Anne Lenaerts

Associate Professor, Colorado State University, USA

Anne Lenaerts started her career as a molecular biologist hoping to find a cure for cancer. But directly after completing her doctoral degree at State University of Gent in Belgium in 1996 she was offered a post-doctoral fellowship at the University of Pretoria in South Africa and seized the opportunity.

Professor J. Verschoor, who was to supervise her work, wanted her to go in an entirely new direction -- to look at how certain biological compounds influence the immune response to tuberculosis (TB) infection.

"My work as a laboratory scientist took on a completely different meaning," she says. "Living in South Africa, my eyes were opened. Many people were living under terrible conditions, and those conditions became all the more devastating if they were affected by TB/HIV, which was rampant. I recognized that better drugs for treating TB would have a huge impact on people's lives and help get the people out of poverty."

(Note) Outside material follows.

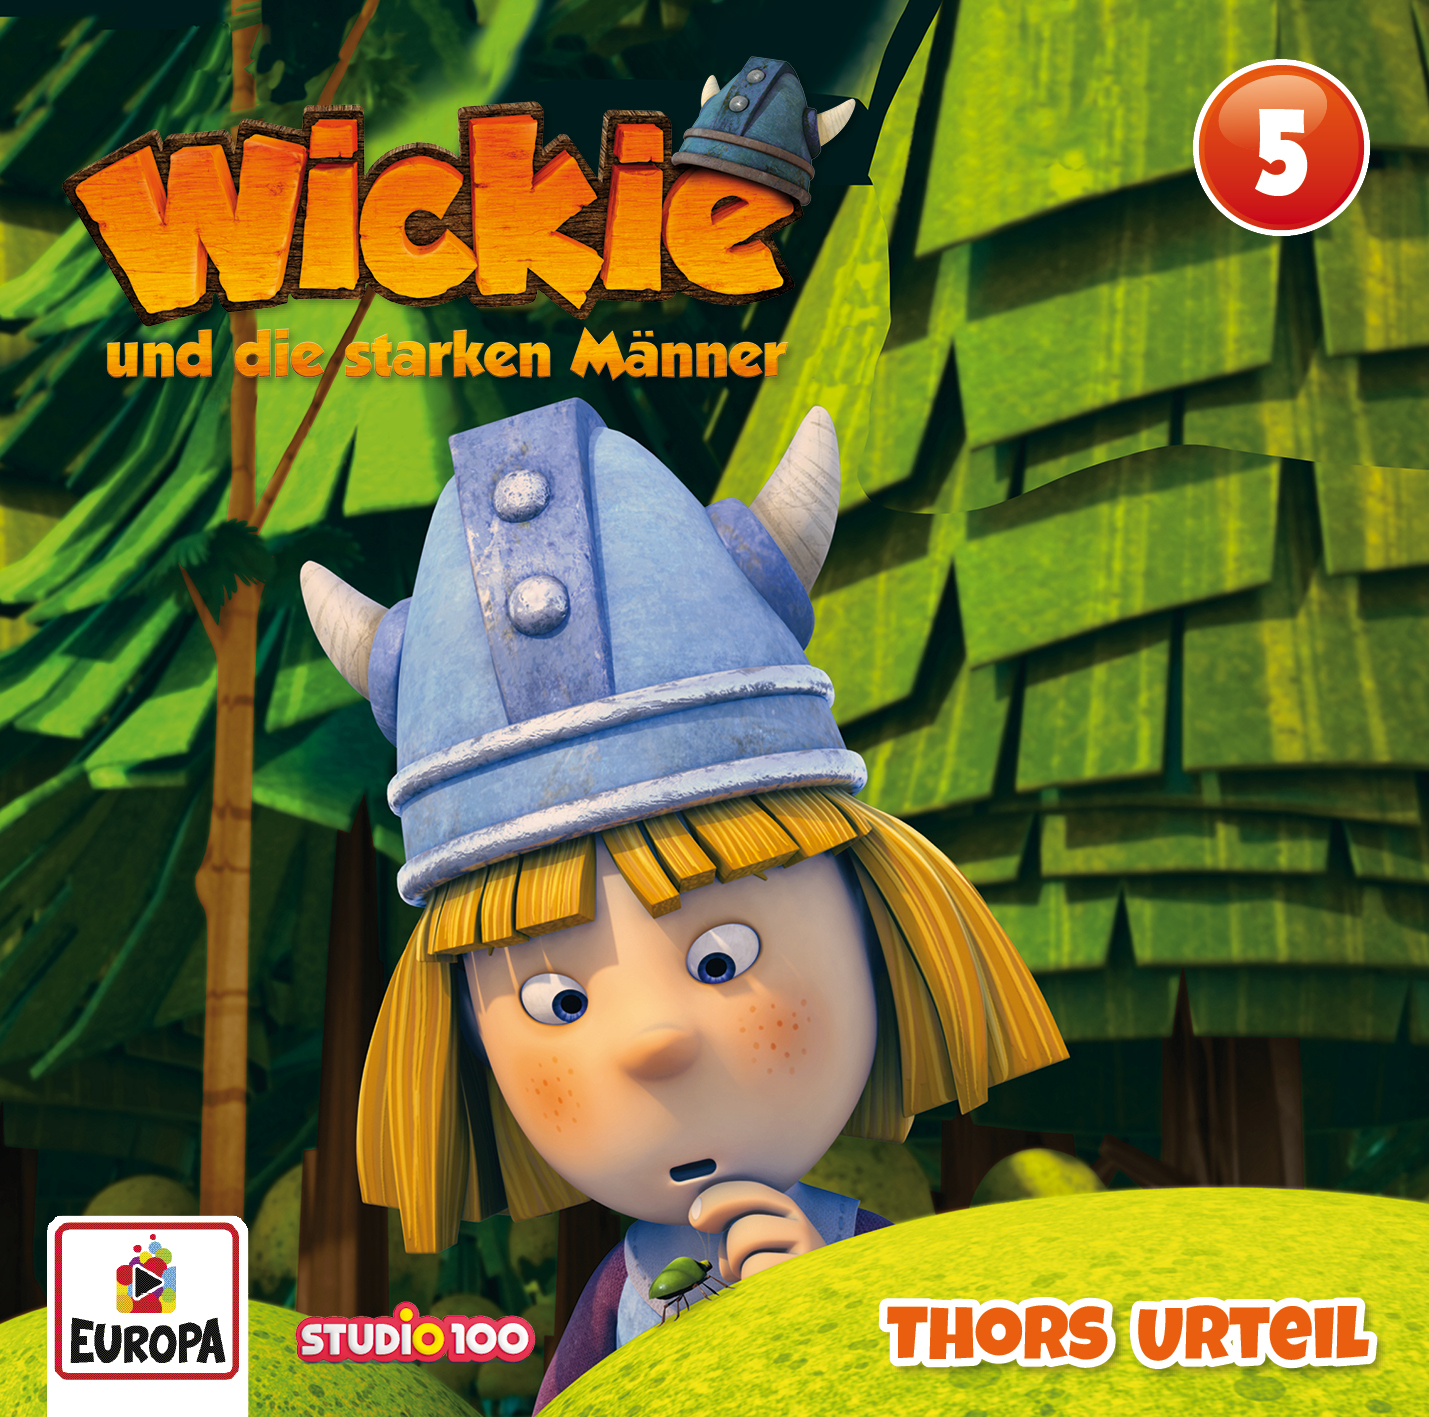 Wickie - Thors Urteil (CGI)

She left South Africa when new opportunities and the promise of more funding for her research arose in the United States. Her current project at Colorado State University puts her at the epicentre of the search for new TB drugs, in part through a programme supported by the National Institutes of Health (NIH) and the National Institute for Allergies and Infectious Diseases. As a scientist at the Mycobacterial Research Laboratories at CSU, she has developed a number of laboratory tests and systems to improve and accelerate the testing of TB drugs. These technologies are used by laboratories around the globe.

"People from all over the world send us compounds they think might have activity against TB. So far the NIH programme has received and tested more than 85 000 compounds," she says. "When we find a compound that is promising, we give our data to suppliers--most of them pharmaceutical companies or university teams--so we can look together at how to improve those compounds." Two compounds the programme helped develop are now in clinical trials.

Lenaerts' work requires many hours at the bench, but she is still drawn back to South Africa. She travels to consult on research projects, including those led by South African teams of scientists.